After three years having elapsed, up to the time of the complaint, and the debts having been settled, Ravilan
was requested to present the accounts, which she absolutely refused to do, and that she continued in the
possession and to enjoy the usufruct of the said property, without the consent or intervention of the
plaintiffs.

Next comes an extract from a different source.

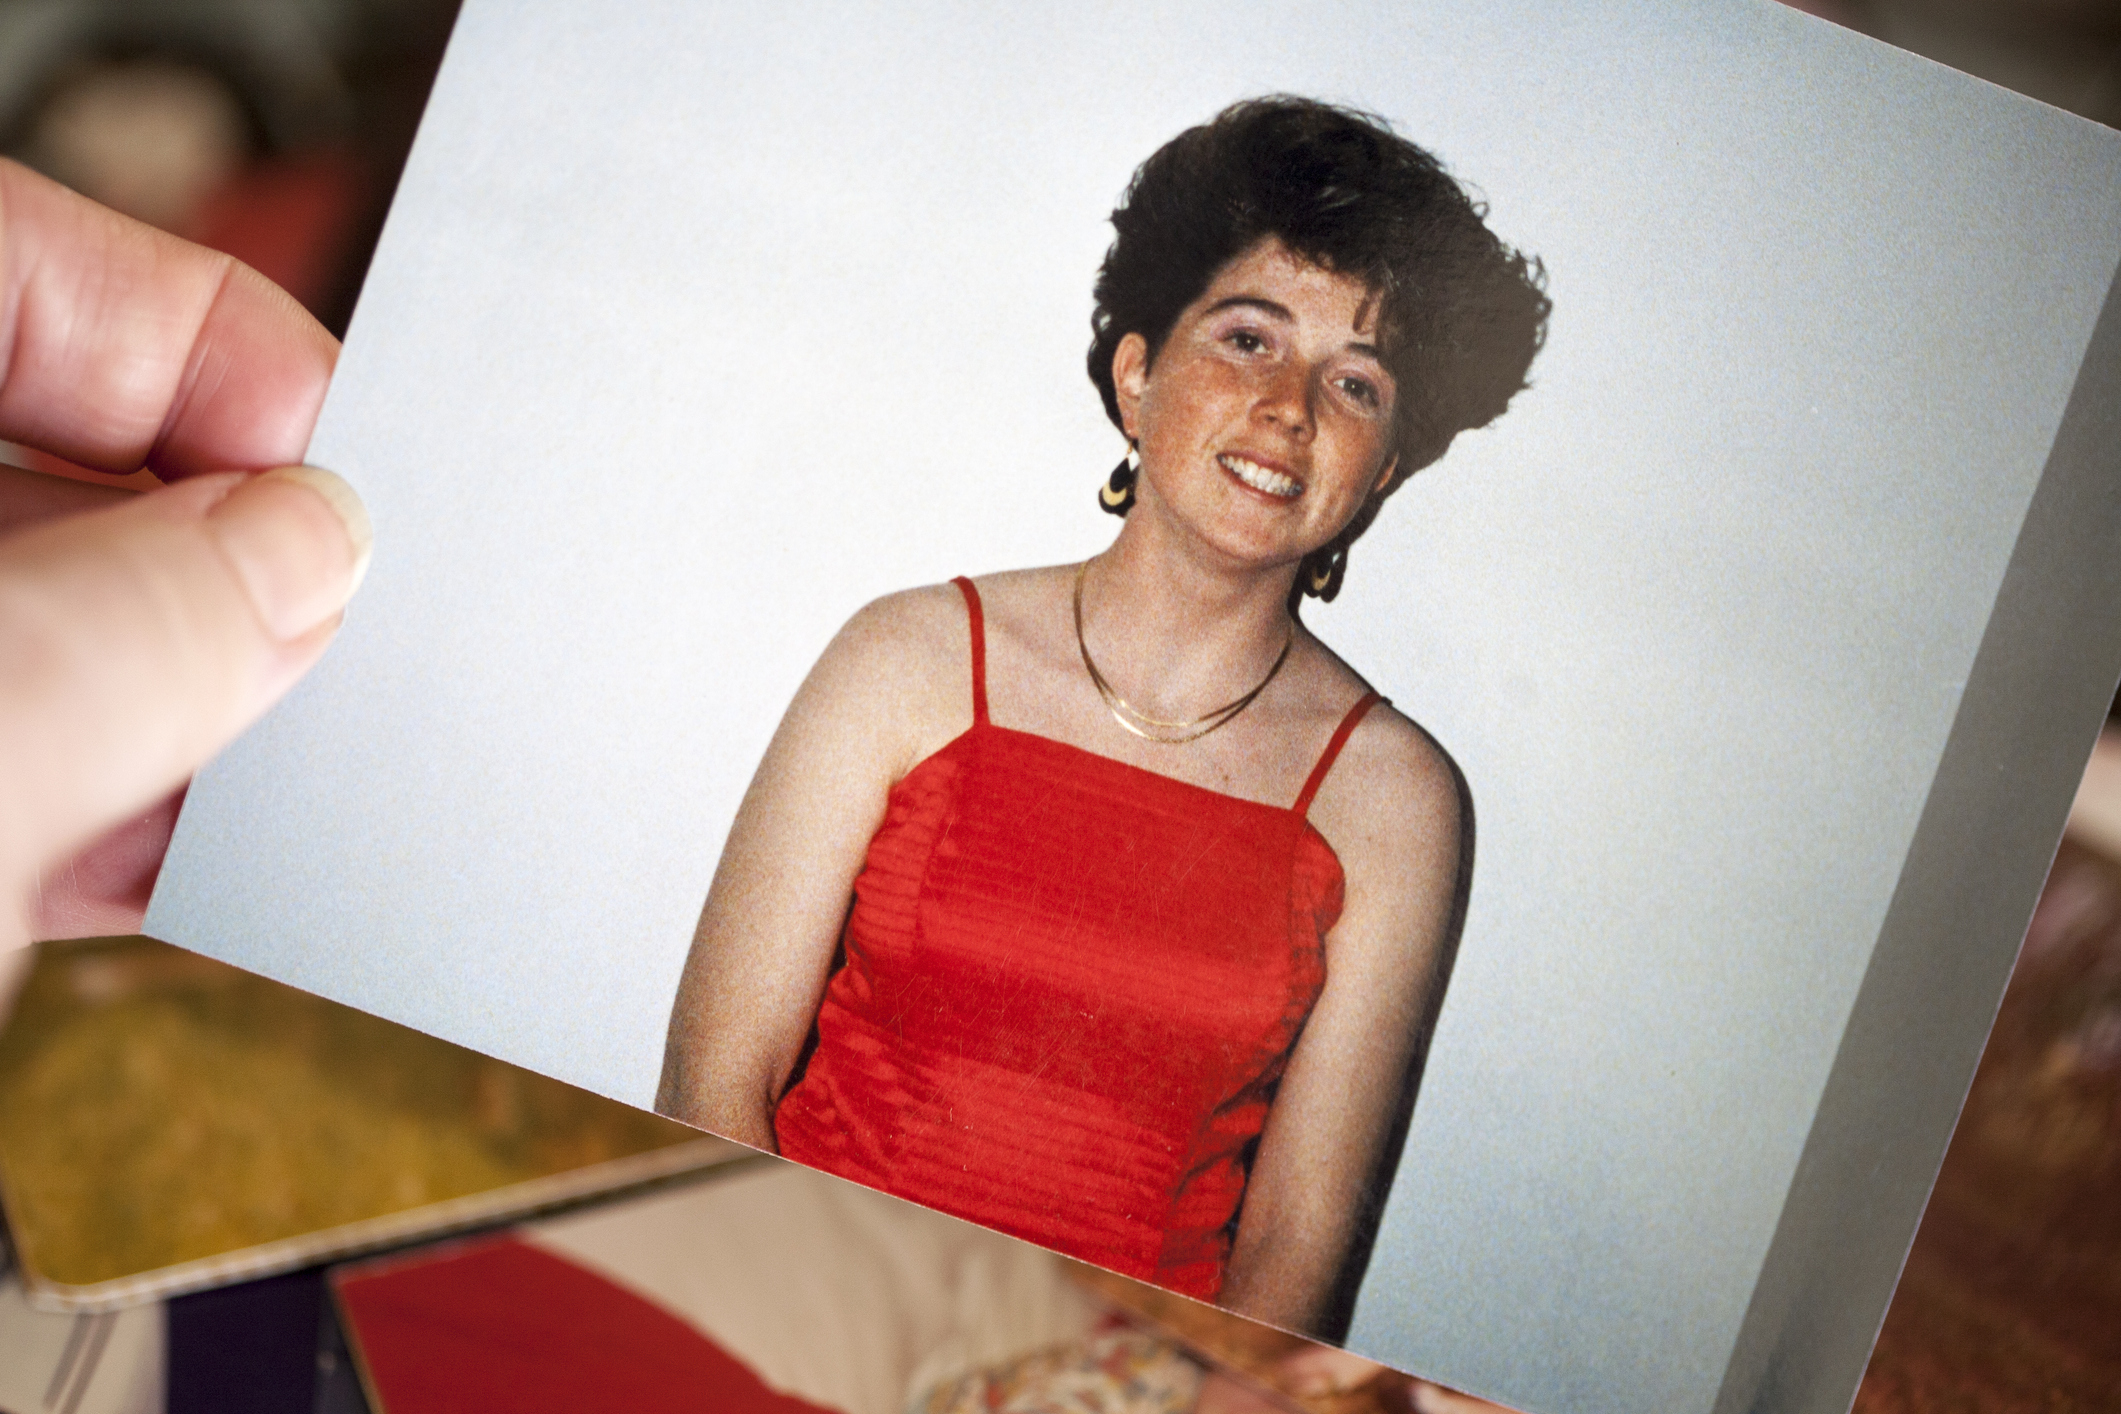 Woman in a sleeveless red dress posing for a photo; part of a series of personal photographs

Jorgia Barte, Nicolas Mendoza, the heir of MateaBarte, and the heirs of Pedro Barte, named
Maximina, Paulina, Pelagia, and Maxima Barte, were then entitled to the property in question, which should
be divided among them in three equal parts, one to be allotted to Jorgia Barte, another to Nicolas Mendoza,
and the other to the heirs of Pedro Barte.

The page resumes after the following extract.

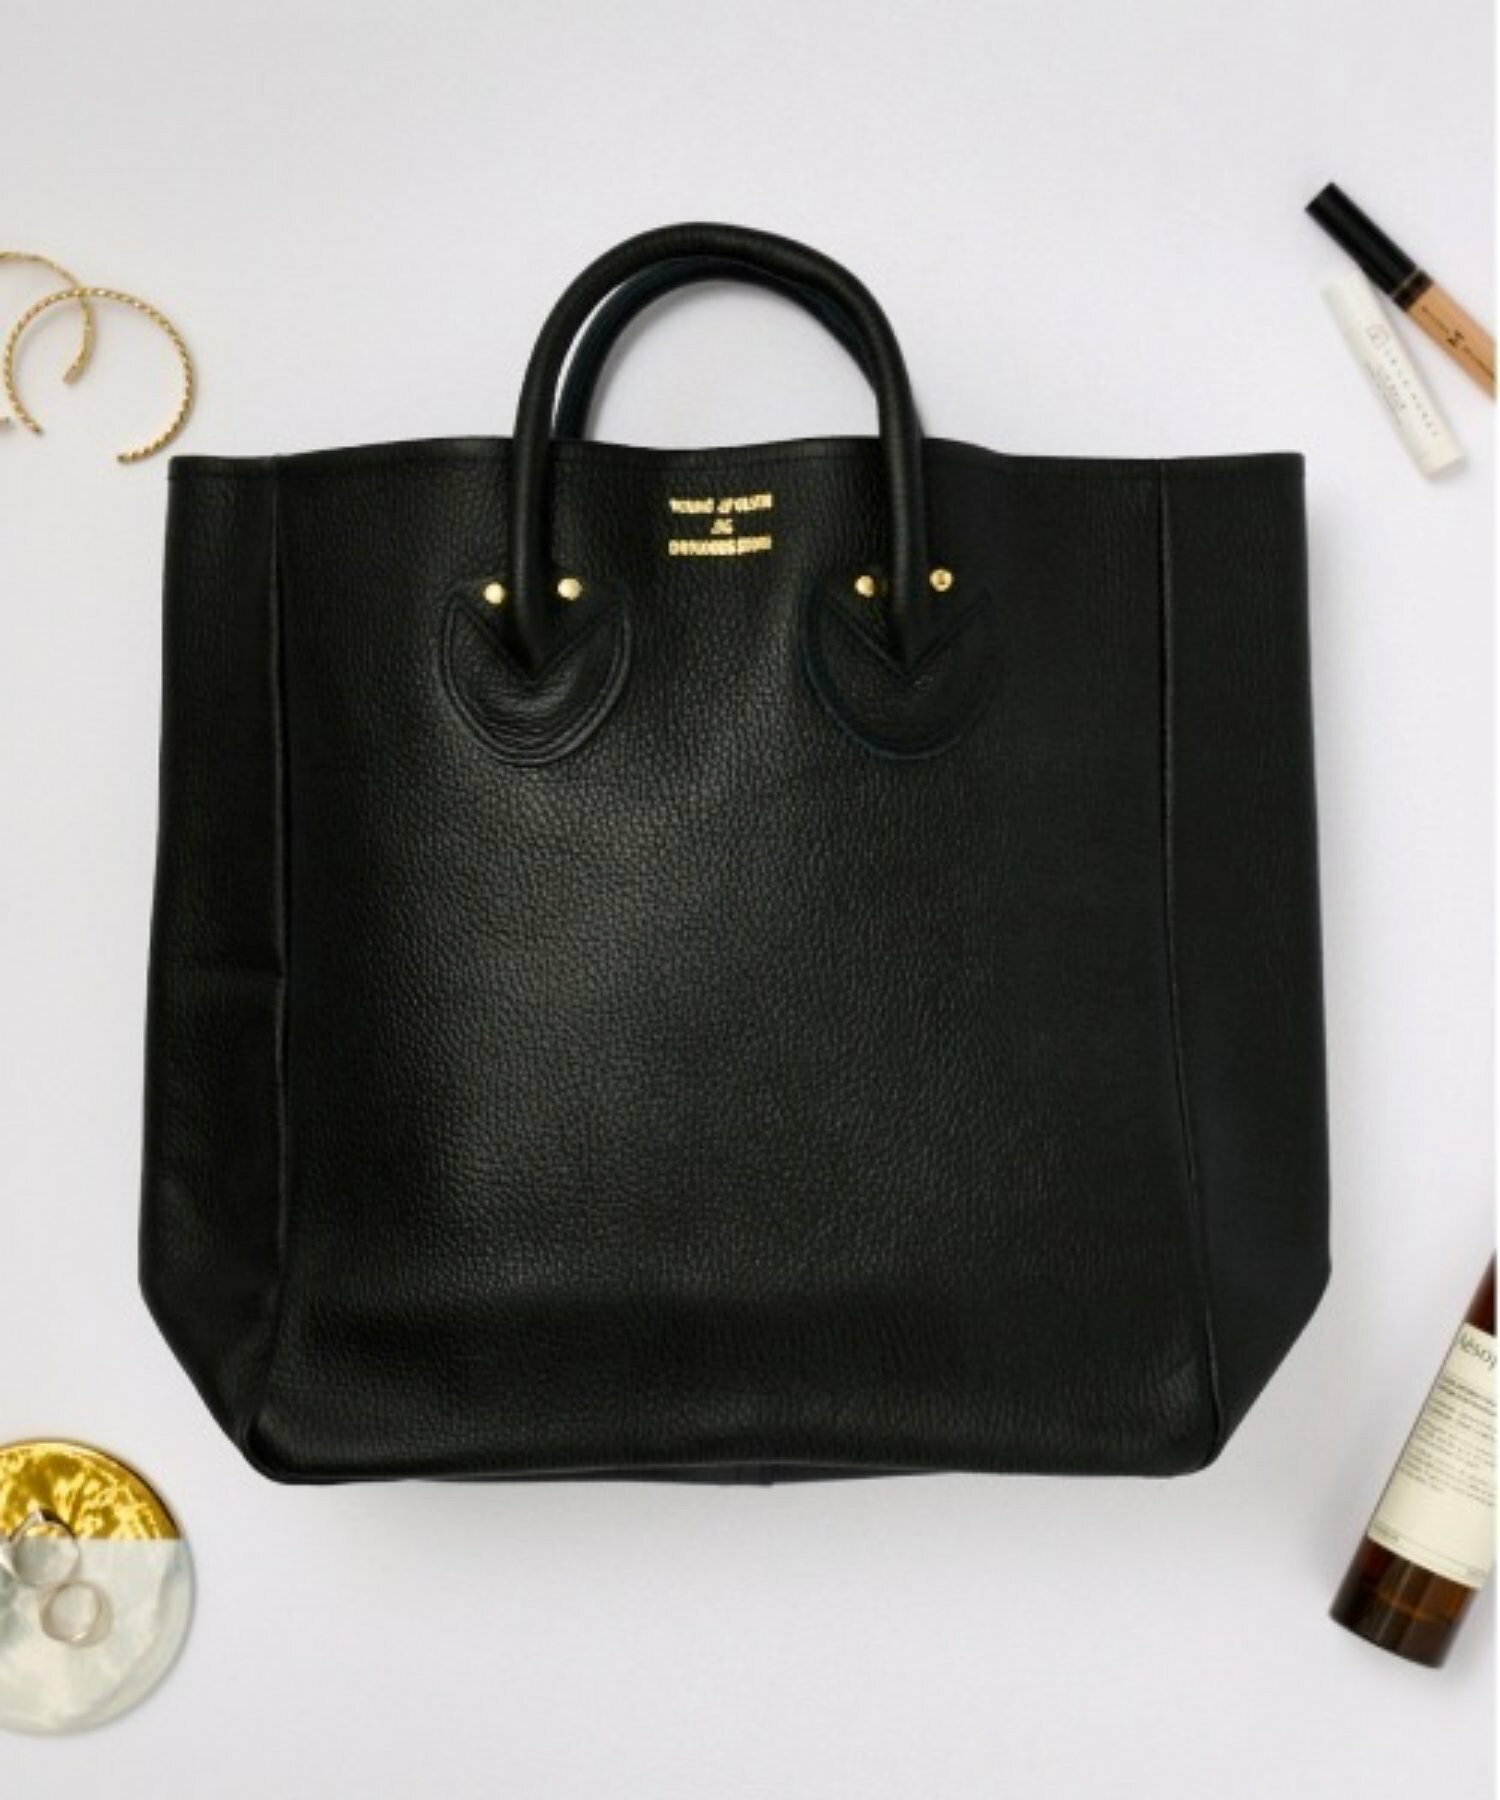 YOUNG&OLSEN/EMBOSSED LEATHER TOTE M ヤングアンドオルセン エンボス レザートート  バッグ 本革  M

Whether or not the partition should be granted.

Section 183 of the Code of Civil Procedure prescribes: "The complaint in an action for partition shall set
forth the nature and extent of the plaintiff's title and contain an adequate description of the real estate of
which partition is demanded, and name each tenant in common, coparcener, or other person interested
therein, as defendants."

So that he who demands or claims a partition of the property must have the status of a coproprietor or co-
owner of the property the partition of which is asked for; and notwithstanding the fact that Jorgia Barte and
the son of Matea Barte, through his representative, aver that they are the co-owners of the said lands, they
have not proved their averment by titles which establish the common ownership alleged. A mere affirmation
without proofs is insufficient, since the defendant party, representing the four daughters of the deceased
Pedro Barte, absolutely denied all the allegations of the complaint.

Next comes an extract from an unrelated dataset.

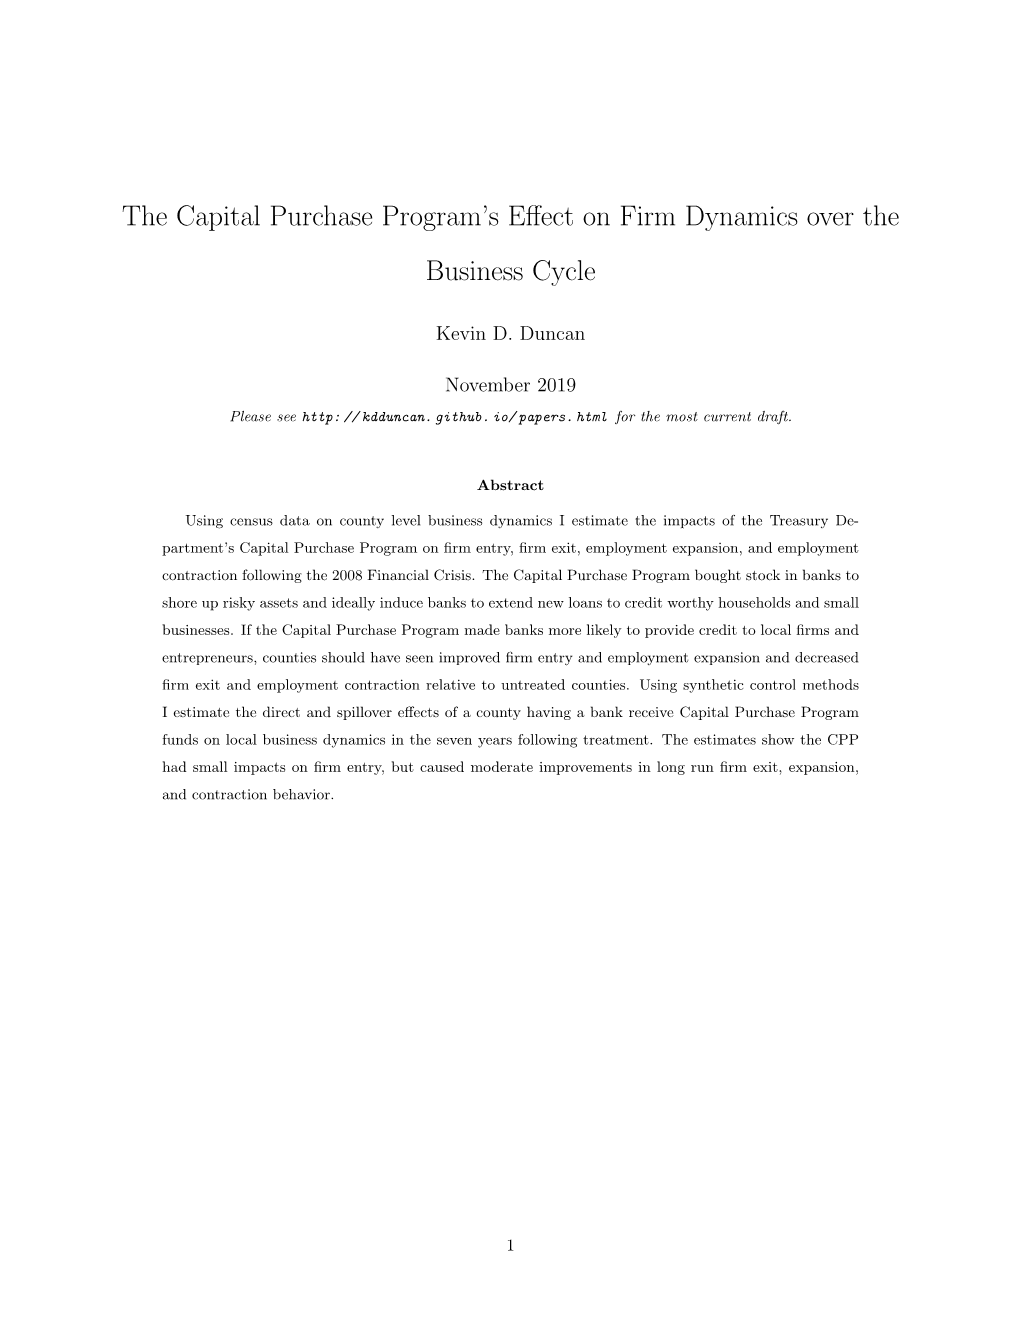 The Capital Purchase Program's Effect on Firm Dynamics Over the Business Cycle

Moreover, for the purposes of the partition demanded, it must be remembered that the hereditary succession
of the deceased Espiridion Barte, who it is said left no legitimate descendants at his death, should be divided
among his eight brothers and sisters who may have survived him, and in case any of these have died, the
children of his deceased brother or sister, that is, his nephews and nieces per stirpes, are entitled to share in
his inheritance, according to the provisions of articles 946, 947, and 948 of the Civil Code, the last cited of
which prescribes: "Should brothers survive with nephews, children of brothers of the whole blood, the
former shall inherit per capita and the latter per stirpes," representing their respective fathers or mothers,
brothers or sisters of the deceased.

The record does not show whether Jorgia Barte left any legitimate heir at her death, and if she did not, her
collateral relatives succeed her in the manner provided by law.

It is to be noted that the partnership contract entered into by the four brothers and sisters cannot affect the
hereditary rights which belong to the relatives of the deceased predecessor in interest successions.

For the foregoing reasons, it is proper to declare that the partition prayed for be denied.